What one food is always in your fridge/pantry/freezer?

Almonds/almond butter – I love it!

Where is your favourite food place in Nova Scotia?

My favourite food places in Nova Scotia are local farmers markets.  I most often go to the Dartmouth Alderney Landing Market but also enjoy the Halifax Seaport Market and the Wolfville Market.  I love buying, preparing and eating all of the delicious, quality produce grown in Nova Scotia in the early fall.  I also love the buzz of the market; being amongst friends and community members who also appreciate and support local food!

Finish the sentence: I feel happiest when…

…. my family members are happy and when I am on top of my game from a ‘life’ and work perspective.  Like all of us, I do feel a great sense of satisfaction completing work that meets and hopefully exceeds the expectations.

What is the biggest challenge you have faced in your career? 

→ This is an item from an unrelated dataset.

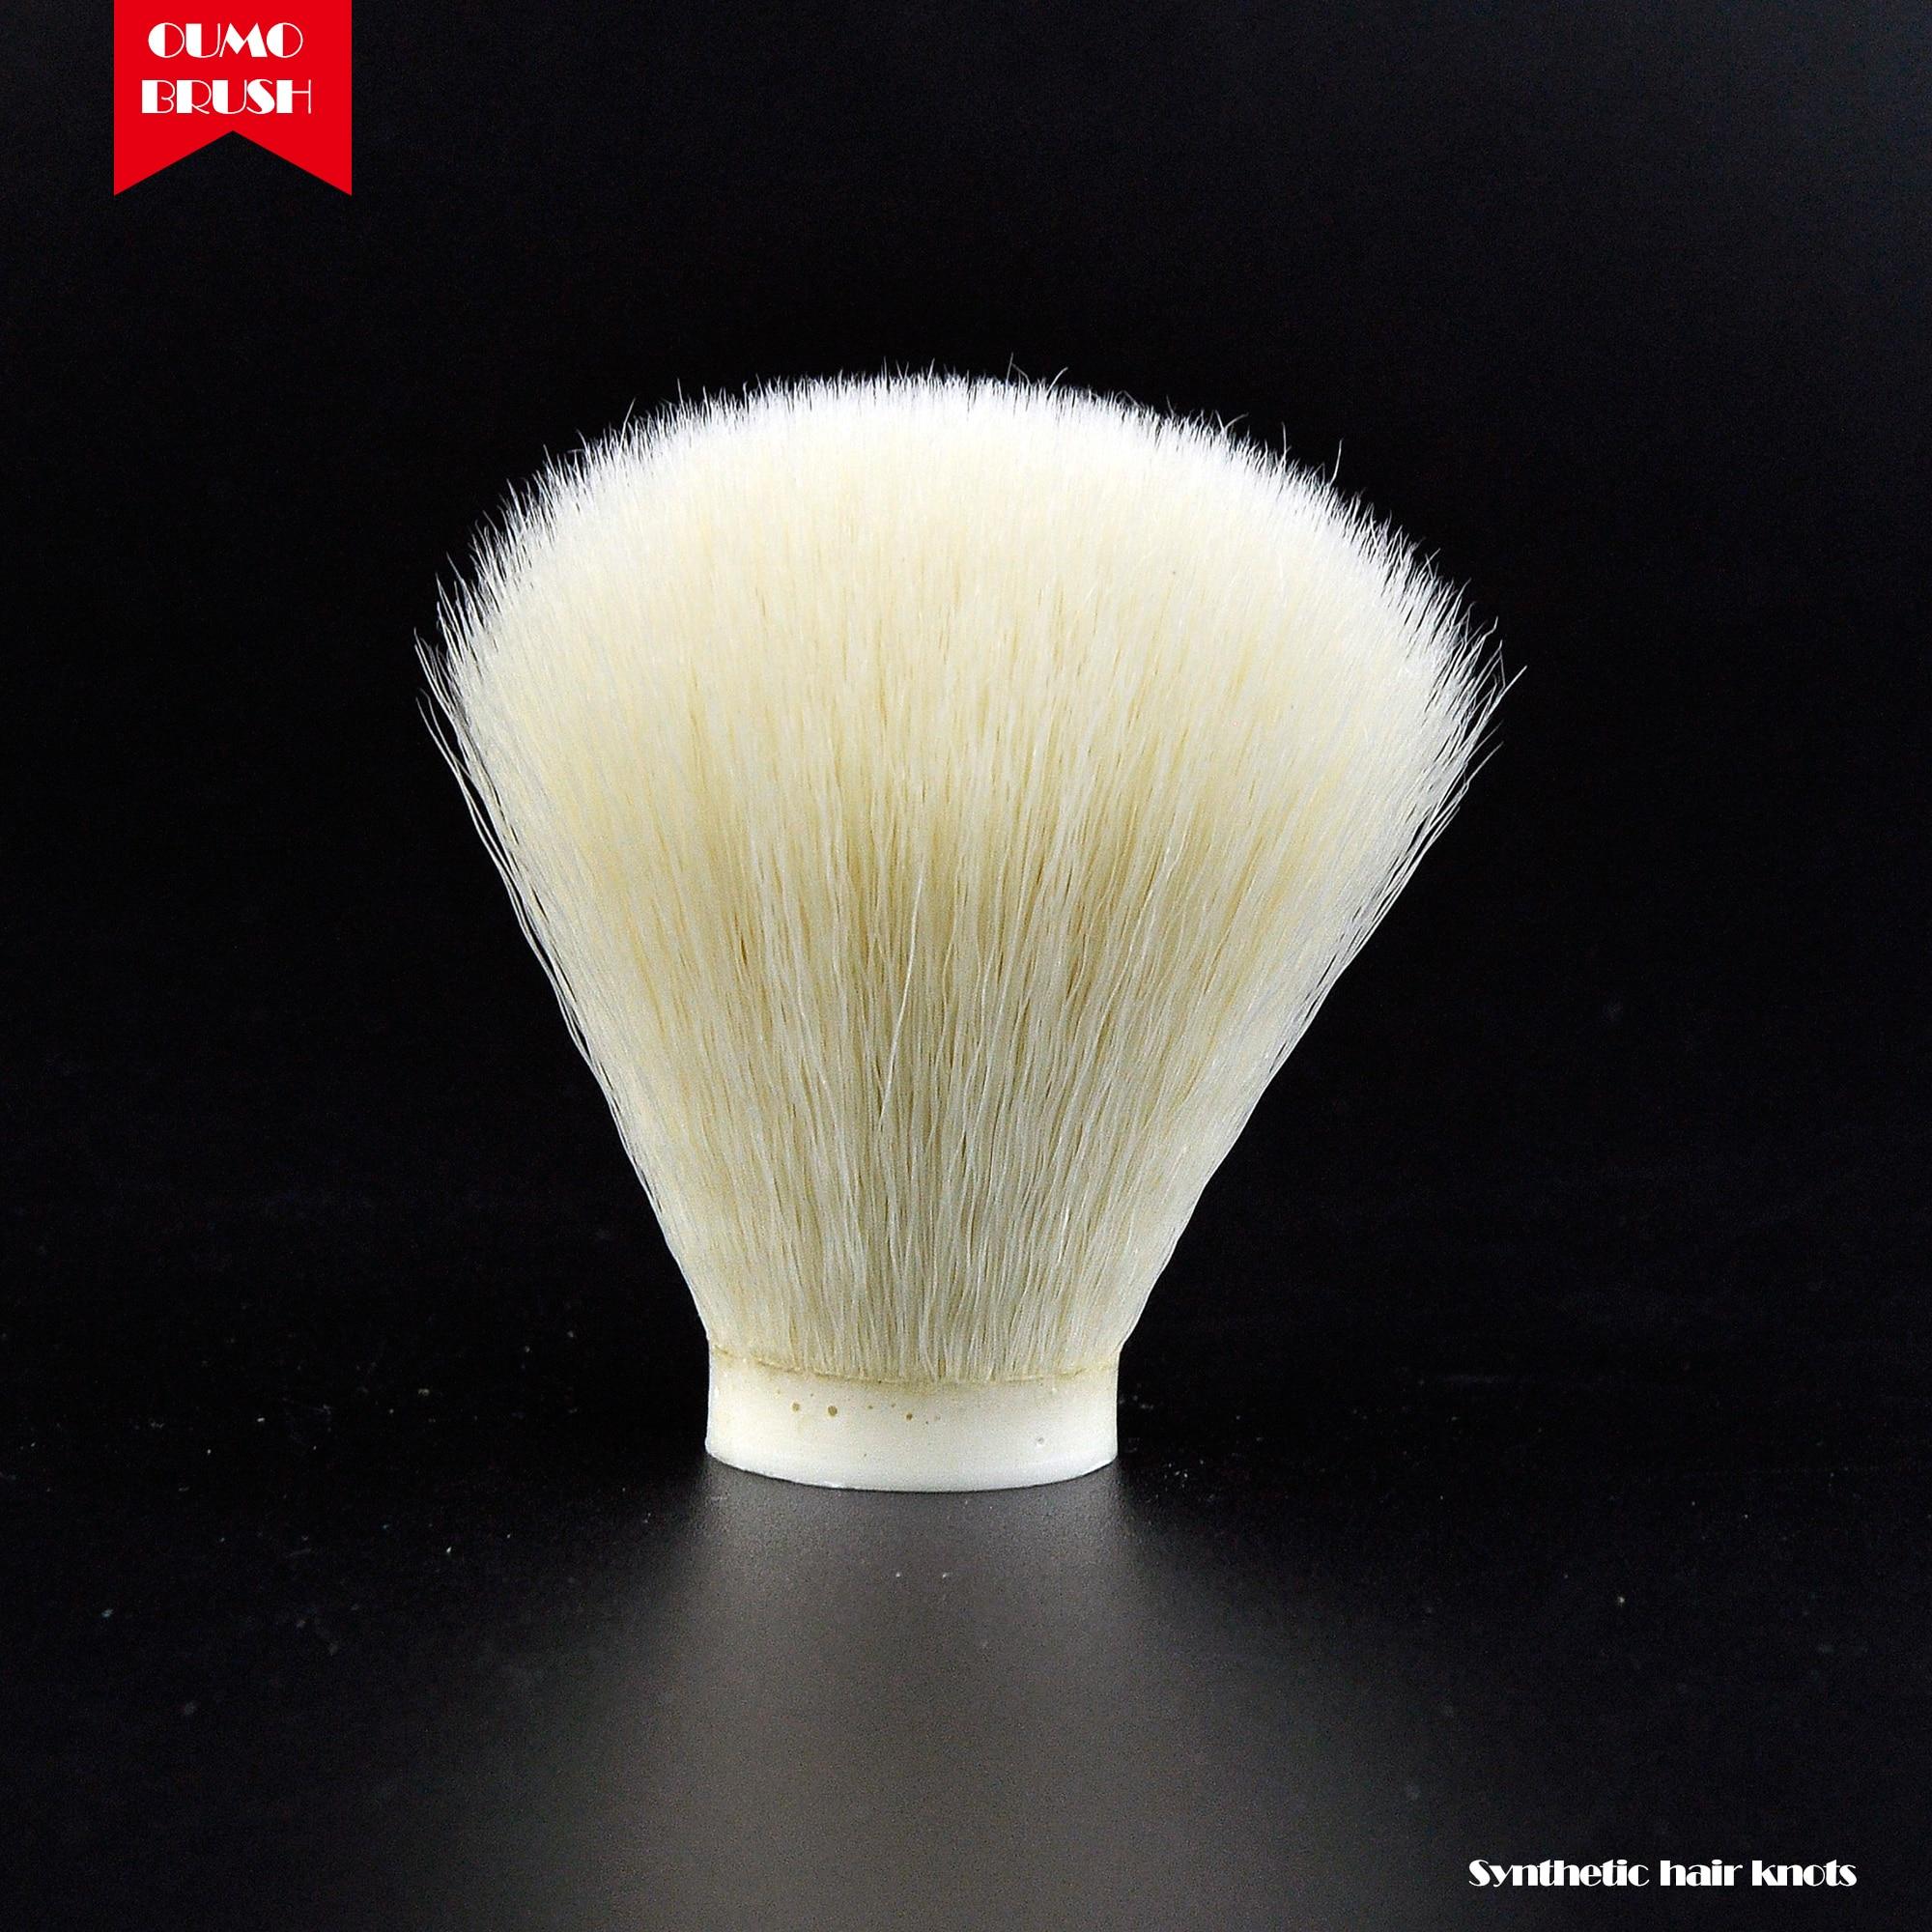 OUMO BRUSH-cream White Synthetic Hair Knot Shaving Brush Knots

I’ve had several ‘biggest challenges’ in my career, as I am sure we all have.  The first would have been when given the opportunity to assume, and then be awarded the role of the Provincial Nutritionist with the then, NS Department of Health, just 4 years after having worked as a Public Health Nutritionist for both the Northern and Central Regional Health Boards.  It was a huge growth experience and an opportunity that I could not be more thankful for.  The second significant challenge in my career was making the decision to  transition my practice to that of an independent consultant role following the birth of  my first child – who is now 13!  I was excited by the challenge as I had so many policy and program-related interests that I hoped would be marketable to others, but I was also nervous about the ‘sole accountability’ of going on my own.

            


What do you love most about your job

I have learned and love the flexibility of working as a consultant; the importance of being a stealth time manager (an ongoing, life-long learning!), a collaborative client-centered communicator, a creative thinker and a very focused ‘producer’.